# Dorset Dove Fields



## fakebait (Jun 18, 2006)

Does anyone know if the State got the dove fields put in this year at Dorset. I would hate to drive all the way out there to find weed fields. Also if they did any recent cutting.


----------



## Crawl (Apr 14, 2004)

http://www.dnr.state.oh.us/wildlife/Hunting/migbirds/Dove/dove_d3.htm


----------



## Brittguy (Aug 5, 2006)

I read an article in our paper recentely. It said that the dove fields at Dorset and Mosquito were complete. There is a new area manager at Grand River and he is quoted as saying something like they are in but he wouldn't really call them dove fields.

I haven't been over there so I don't know about the mowing.


----------



## steelmagoo (Apr 13, 2004)

I think they planted very little at Grand River, as far as I saw last Sunday.
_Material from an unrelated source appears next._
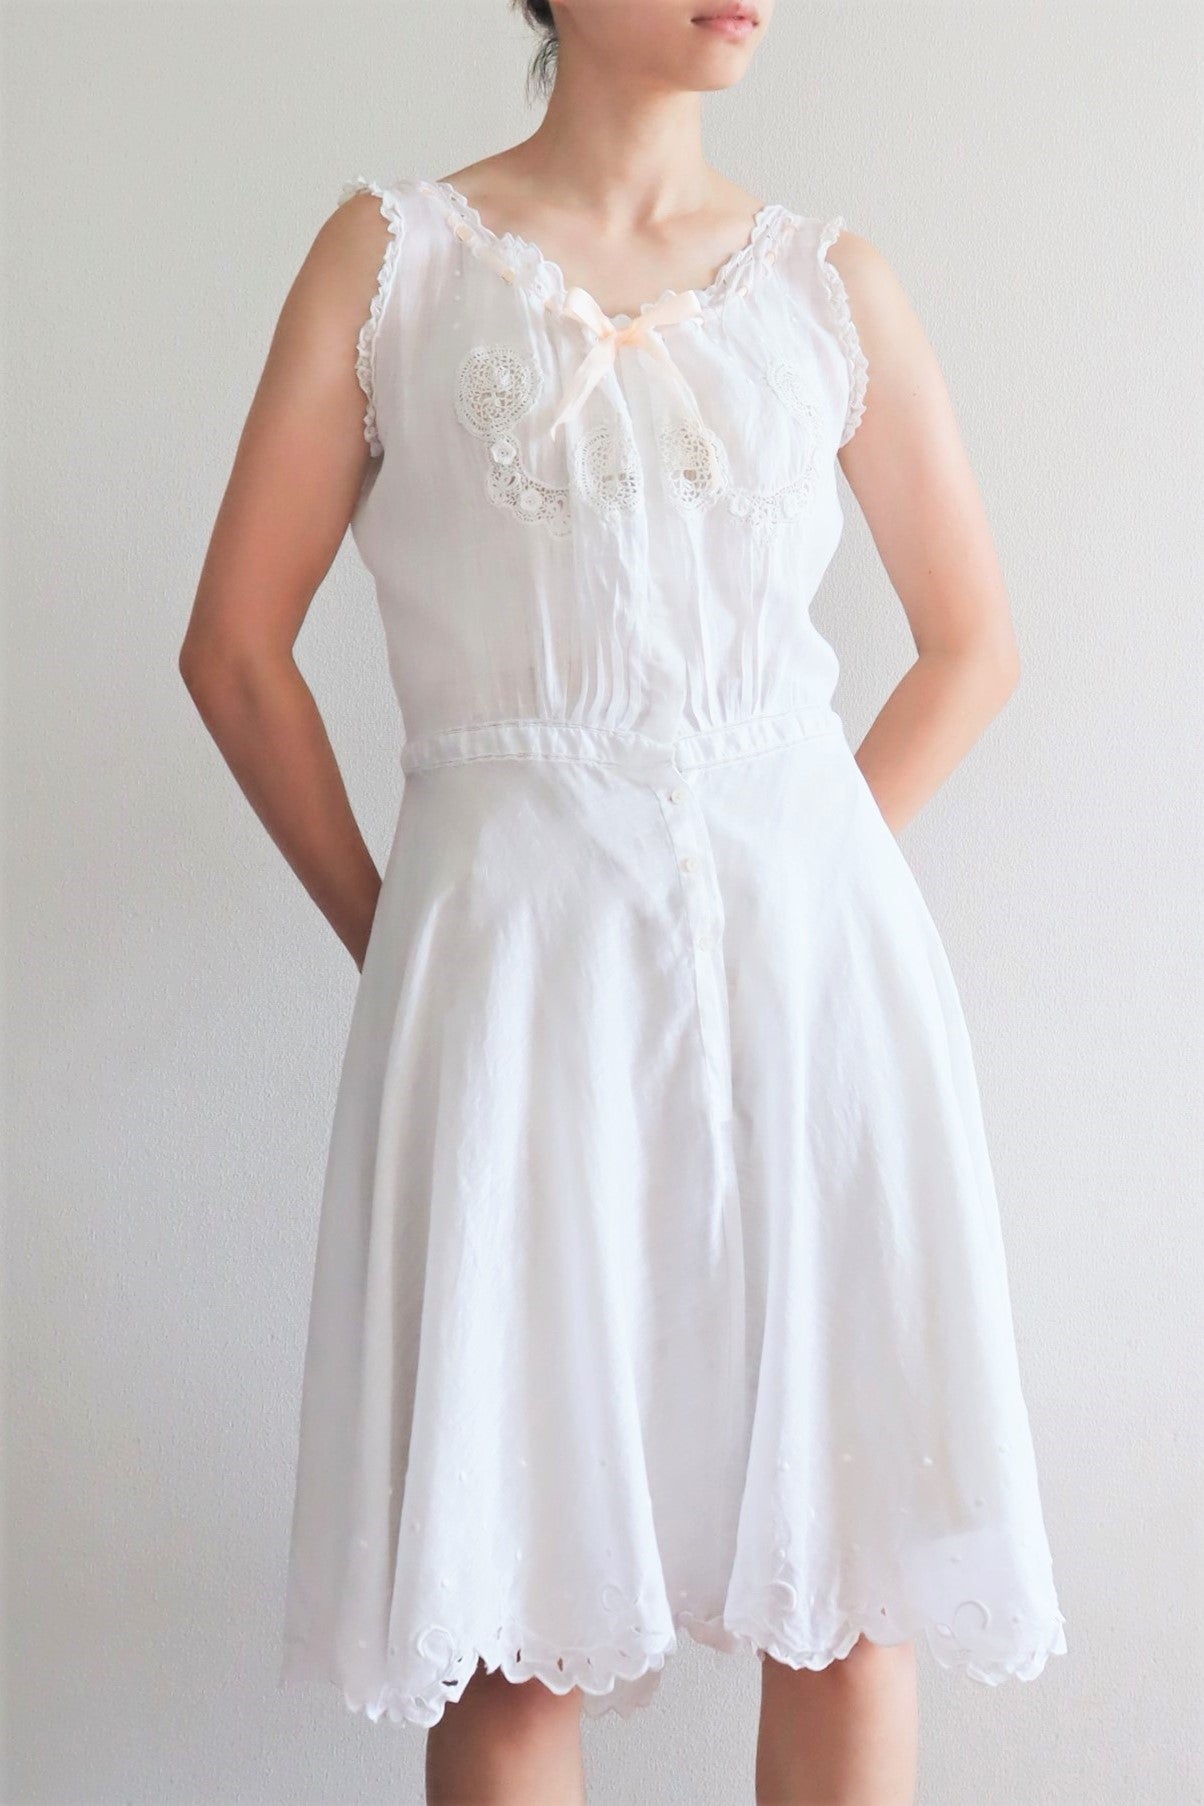 1900s Edwardian Hand Embroidered White Lawn Cotton Romper – makky

The fields directly adjacent the gun range were not planted at all, nor were they mowed. The field off Rt 88 across from the do-it-yourself shotgun range has a few poor rows of corn. I saw no doves there. I did see some doves on Rt 534, north of Mespo around the amish farms.

Edit: 
On the map, Field 3 is supposed to be planted. I didn't walk back there and couldn't tell from the road. Probably is planted.


----------



## steelmagoo (Apr 13, 2004)

I went to Grand River Wildlife area, dove area #3 yesterday afternoon. Nary a dove to be seen, not even on the wires by the roads. They planted the field just south of there and north of 88 in solid corn.


----------